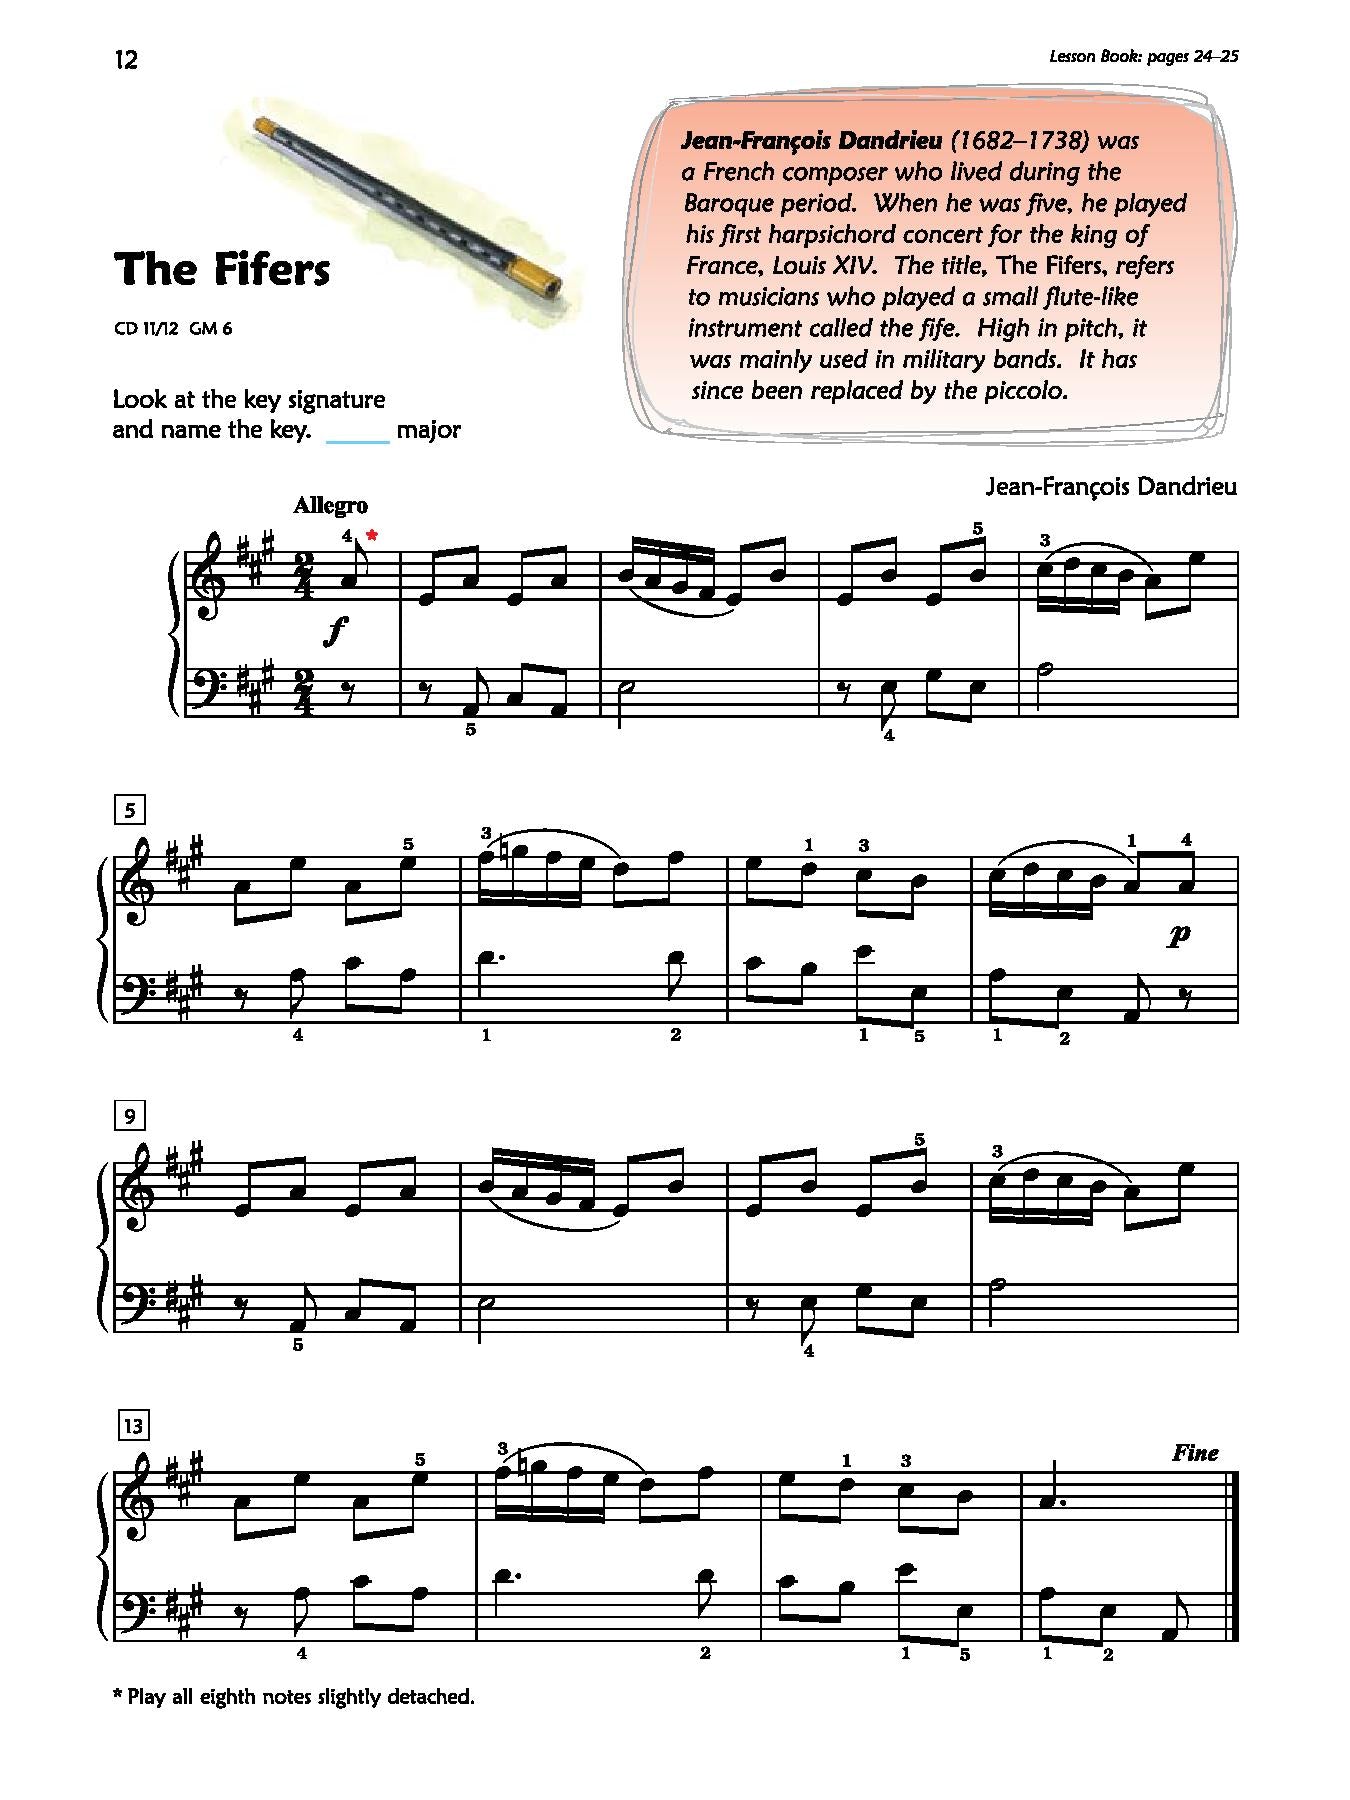 Alfred's Premier Piano Course, Performance 5
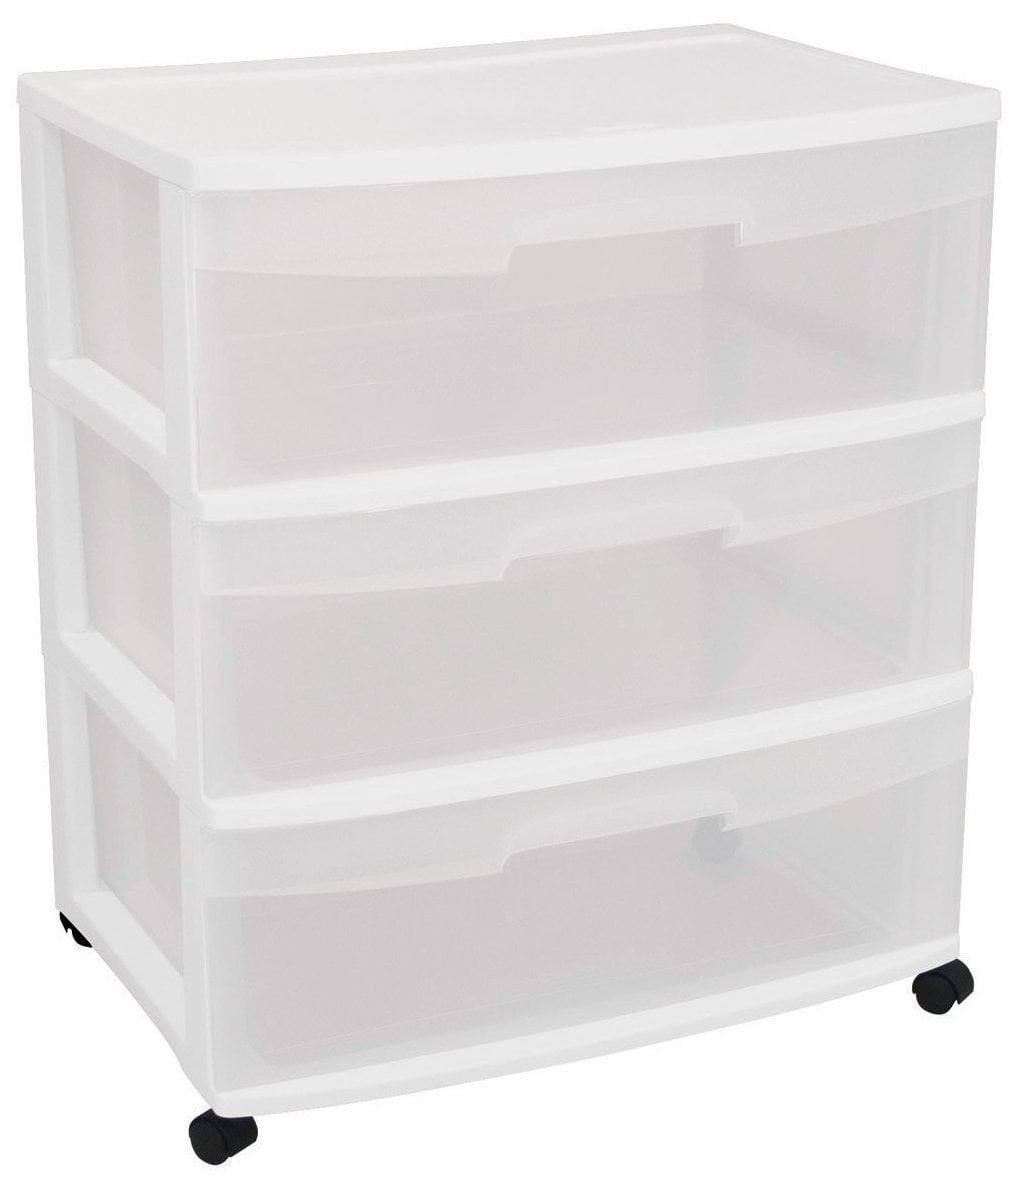 STERILITE 29308001 Wide 3 Drawer Cart White Frame with Clear Drawers and Black Casters 
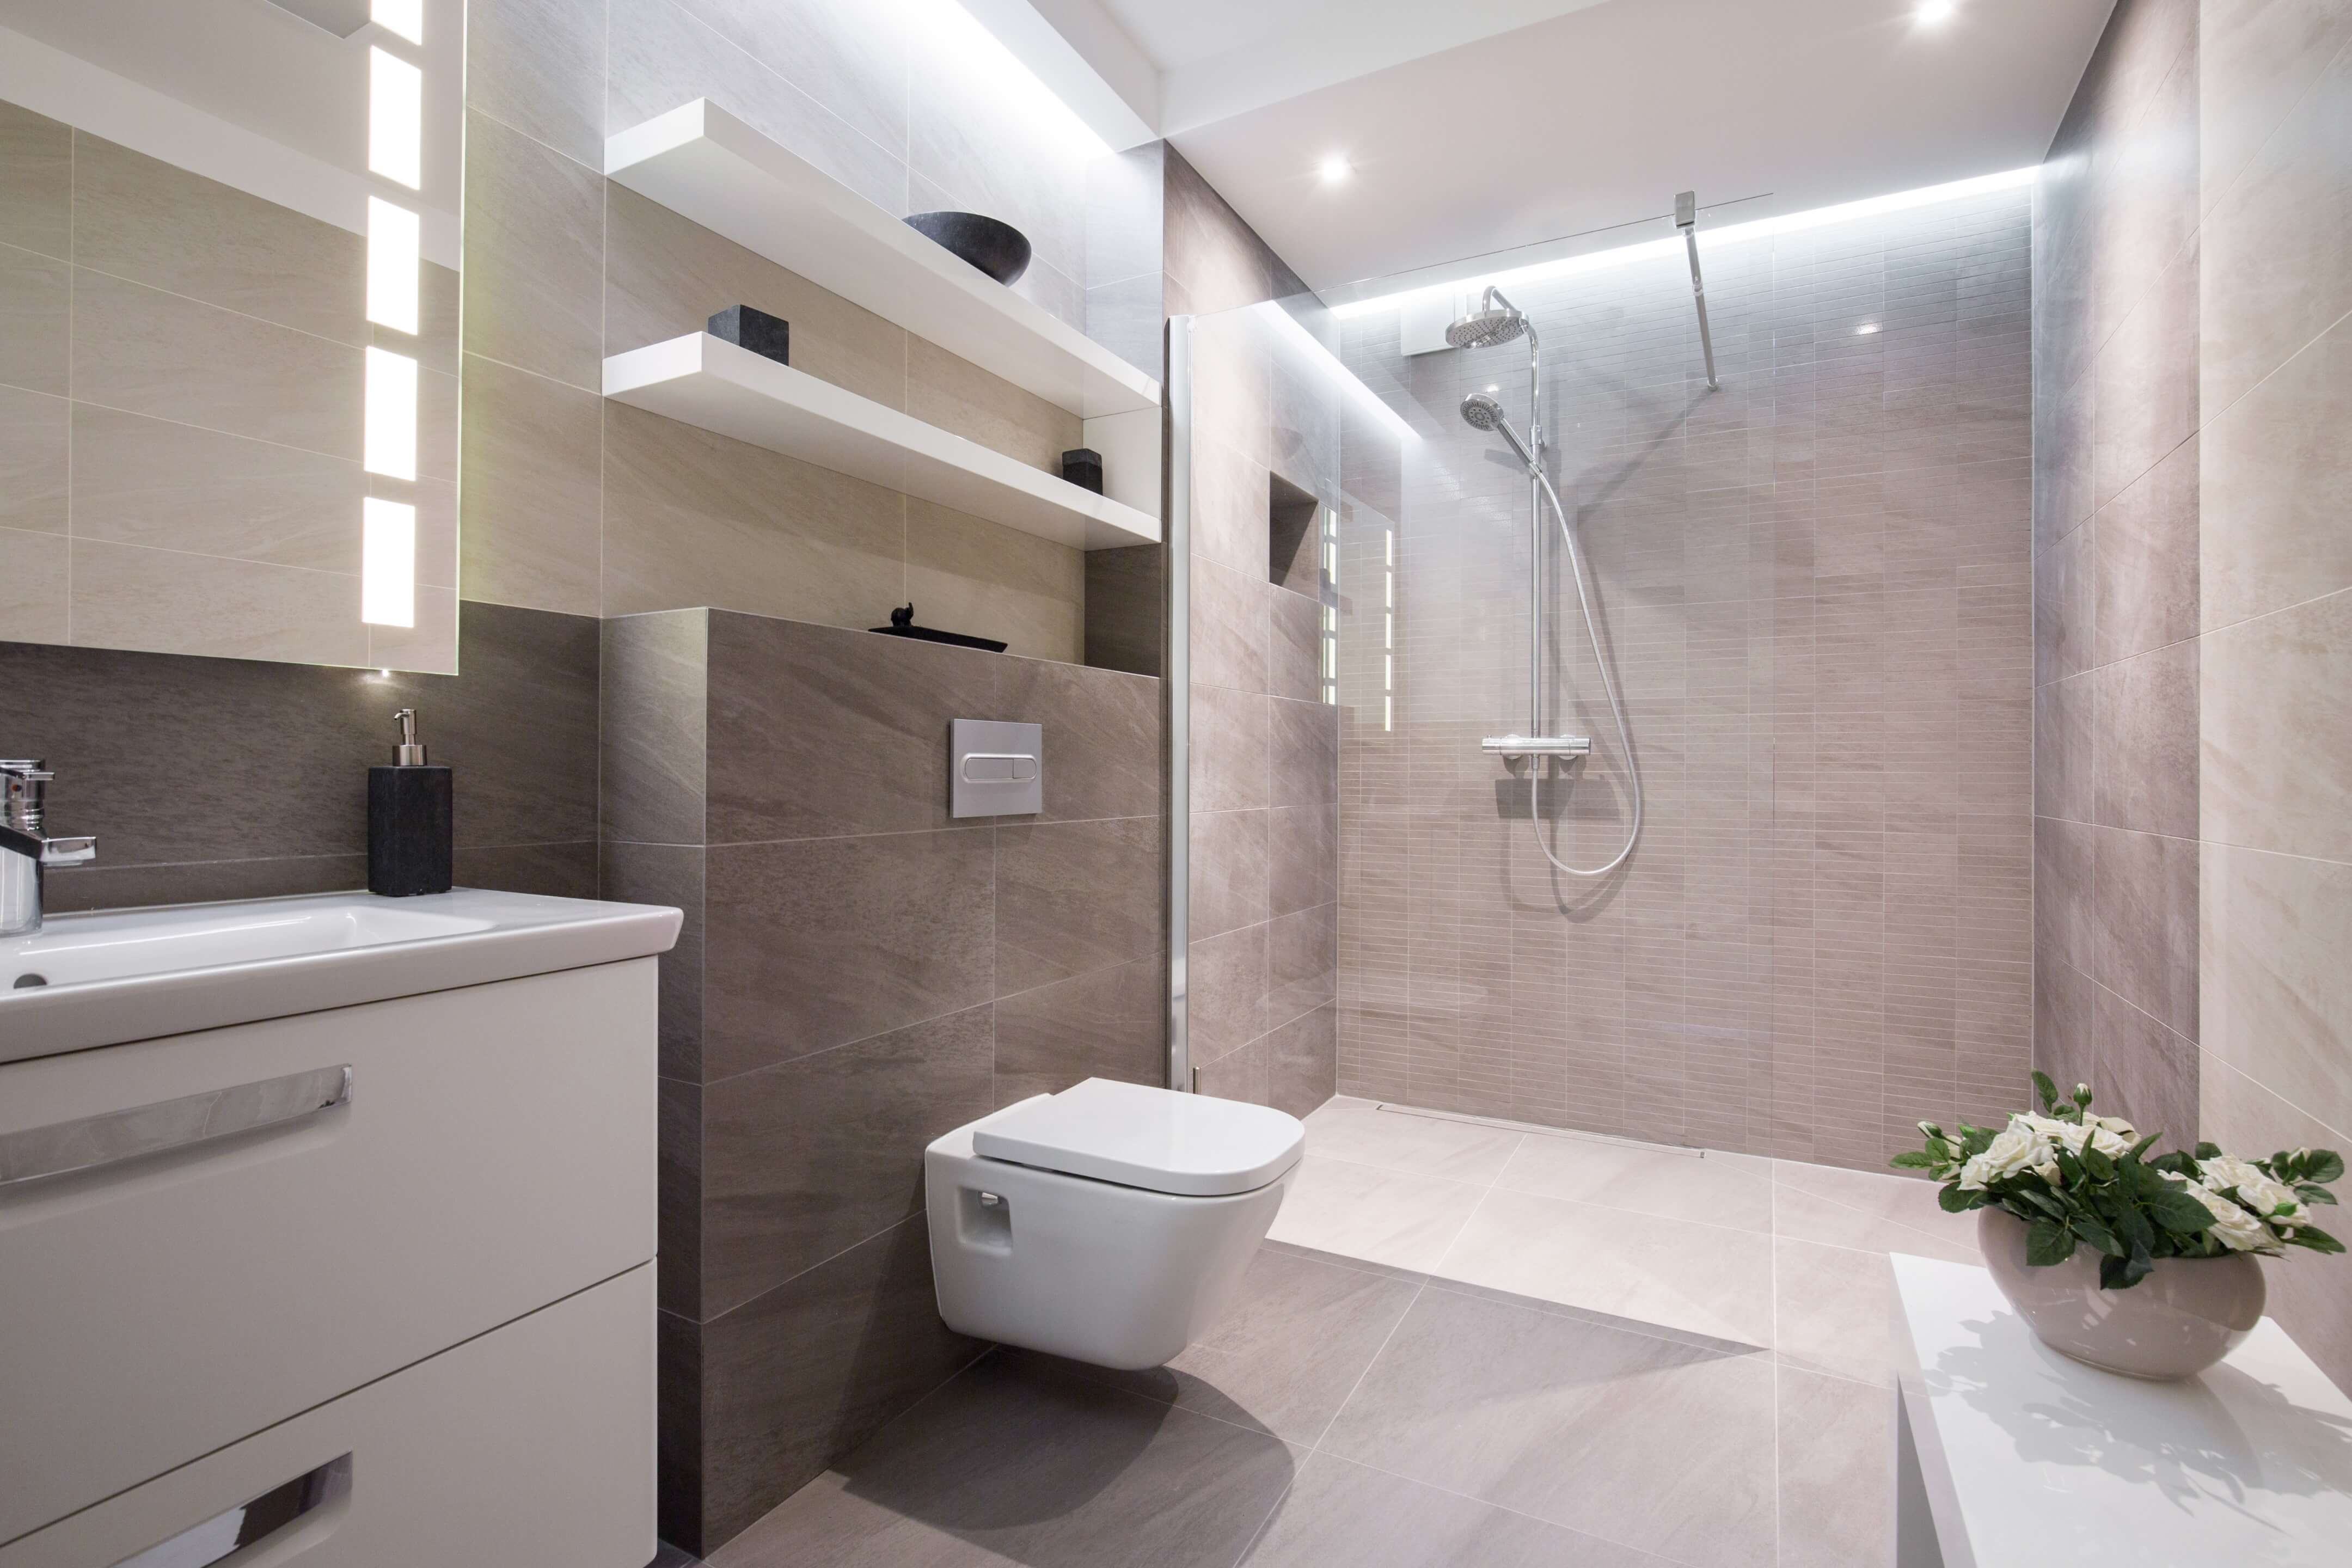 local bathroom fitters tower hamlets

**Aim of the exercise**
Transcribe the material as is, with images omitted.

**Exercise solution**
 Alfred's Premier Piano Course, Performance 5
 STERILITE 29308001 Wide 3 Drawer Cart White Frame with Clear Drawers and Black Casters 
 local bathroom fitters tower hamlets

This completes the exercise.